SUBSIDIARY GUARANTEE AGREEMENT
SUBSIDIARY GUARANTEE AGREEMENT dated as of May 31, 2002 , among each of the Subsidiaries
listed on Schedule I hereto (each such subsidiary individually, a "Guarantor" and collectively, the "Guarantors") of
AMERICAN HEALTHWAYS, INC., a Delaware corporation (the "Borrower"), and SUNTRUST BANK, a
Georgia banking corporation as administrative agent (the "Administrative Agent") for the Lenders (as defined in
the Credit Agreement referred to below).
Reference is made to the Revolving Credit Agreement dated as of May 31, 2002 (as amended, supplemented or
otherwise modified from time to time, the "Credit Agreement"), among the Borrower, the lenders from time to
time party thereto (the "Lenders") and SunTrust Bank, as administrative agent for the Lenders (in such capacity,
the "Administrative Agent"), and issuing bank (in such capacity, the "Issuing Bank"). Capitalized terms used herein
and not defined herein shall have the meanings assigned to such terms in the Credit Agreement.

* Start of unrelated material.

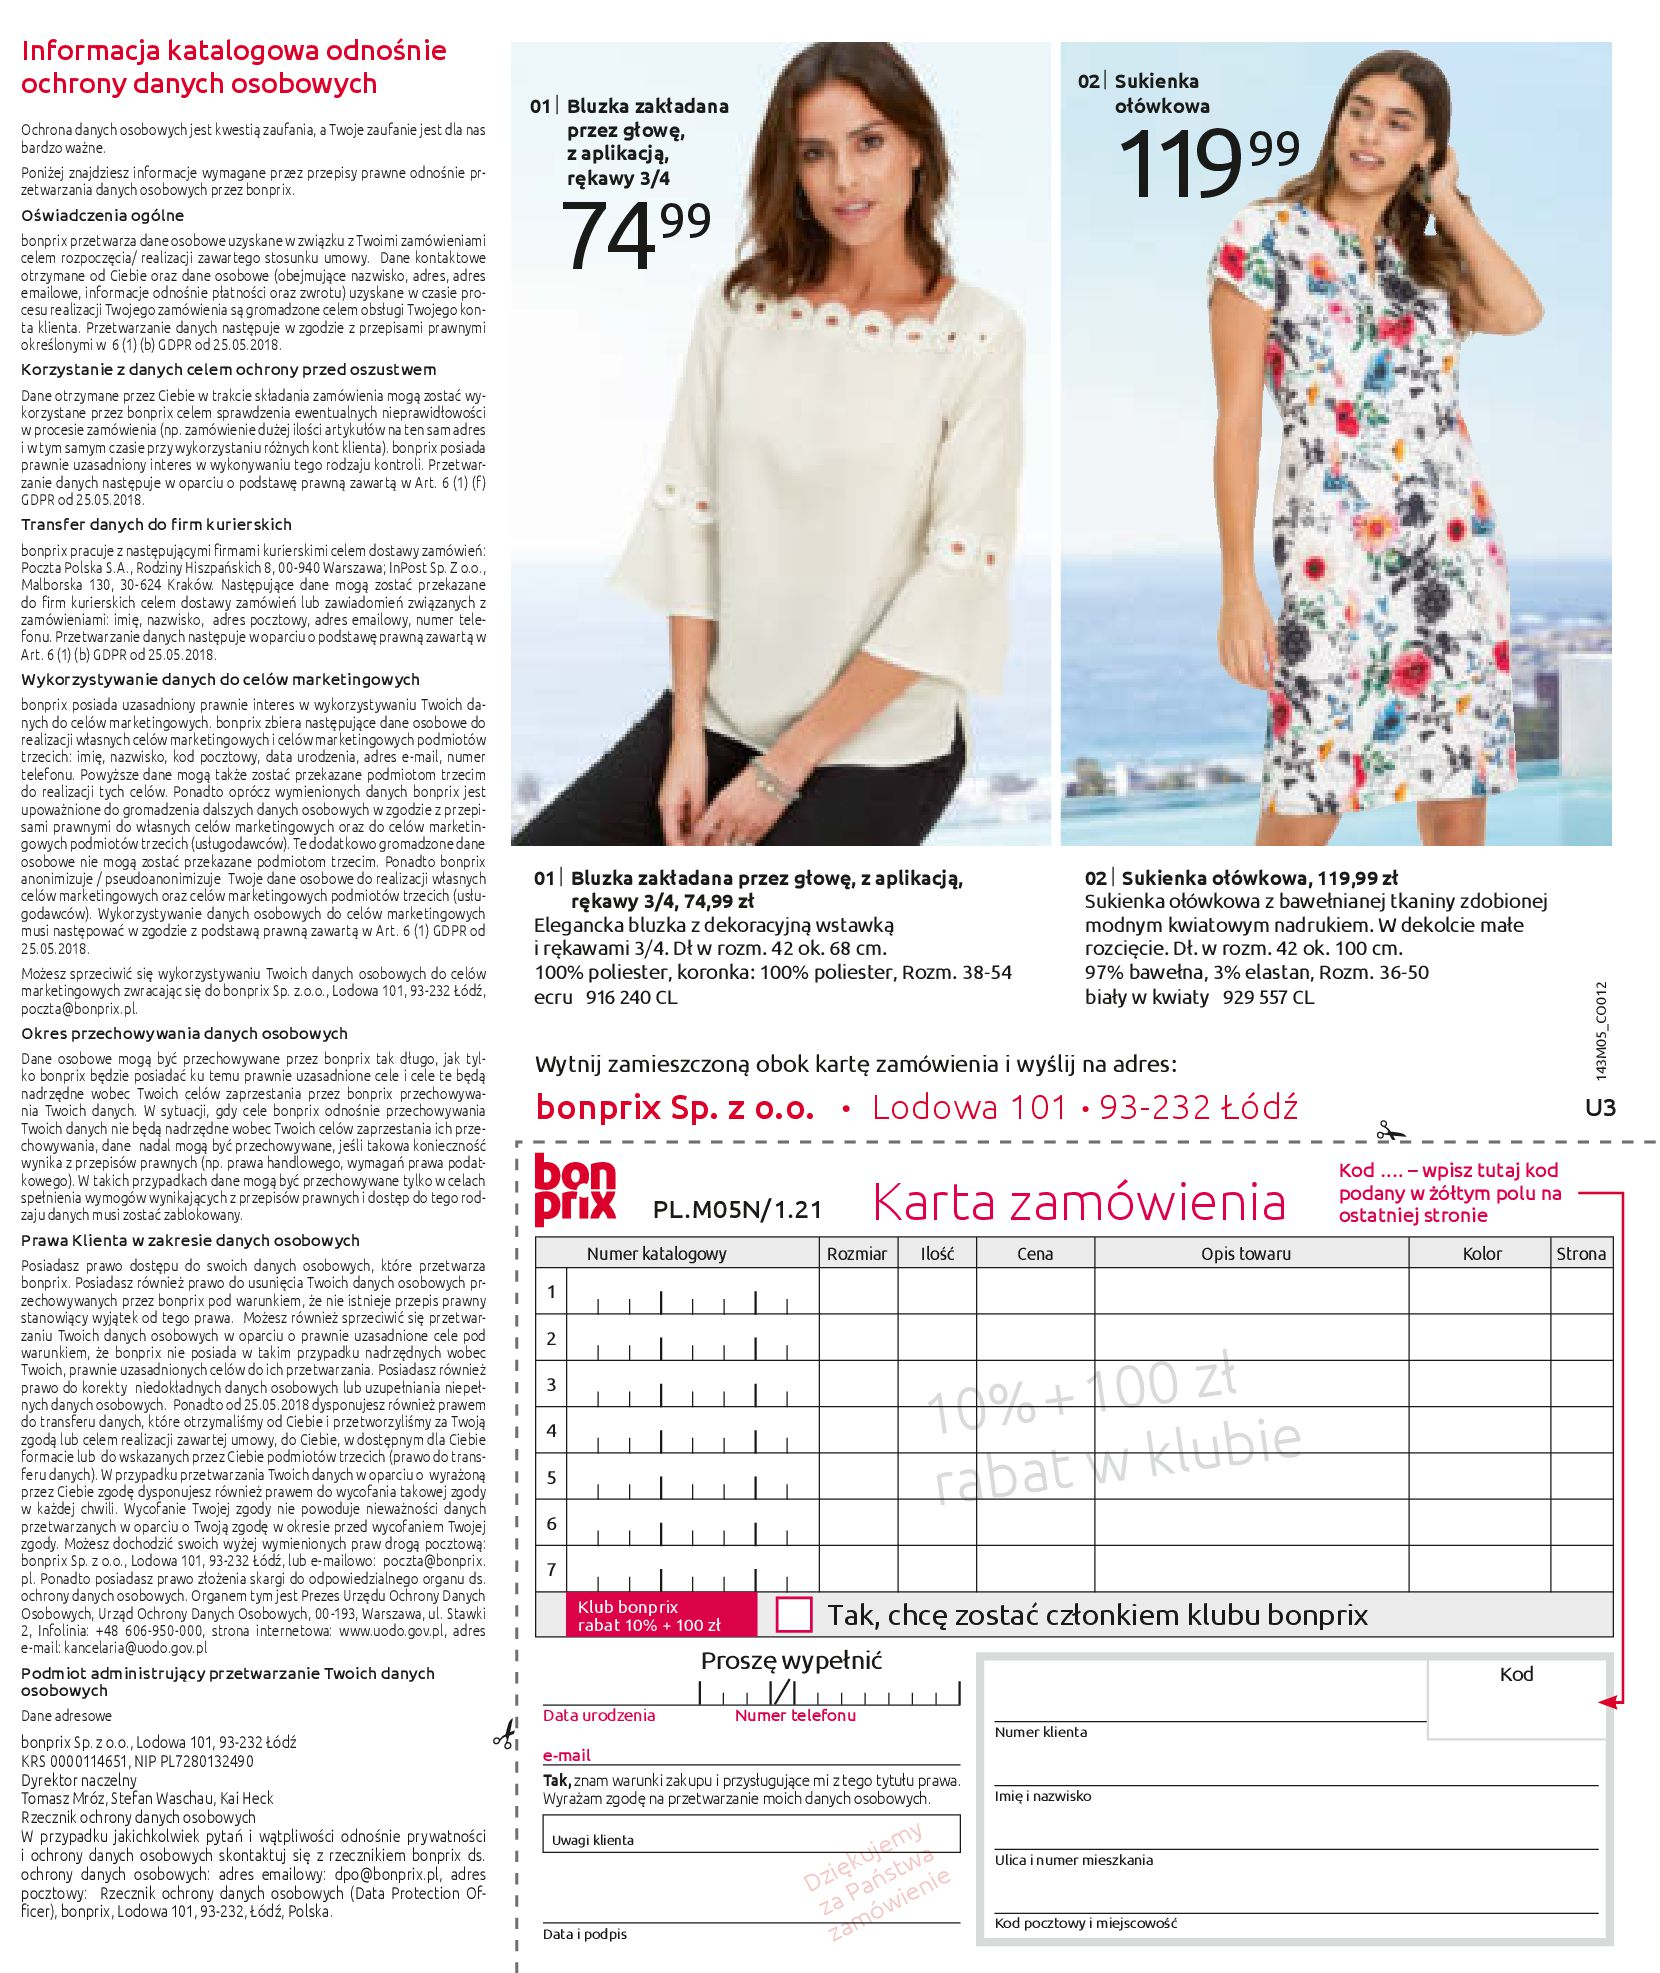 Gazetka Bonprix: Katalog Bonprix Letnie klimaty 2021-05-26 page-99

The Lenders have agreed to make Loans to the Borrower, and the Issuing Bank has agreed to issue Letters of
Credit for the account of the Borrower, pursuant to, and upon the terms and subject to the conditions specified
in, the Credit Agreement. Each of the Guarantors is a direct or indirect wholly-owned Subsidiary of the Borrower
and acknowledges that it will derive substantial benefit from the making of the Loans by the Lenders, and the
issuance of the Letters of Credit by the Issuing Bank. The obligations of the Lenders to make Loans and of the
Issuing Bank to issue Letters of Credit are conditioned on, among other things, the execution and delivery by the
Guarantors of a Subsidiary Guarantee Agreement in the form hereof. As consideration therefor and in order to
induce the Lenders to make Loans and the Issuing Bank to issue Letters of Credit, the Guarantors are willing to
execute this Subsidiary Guarantee Agreement.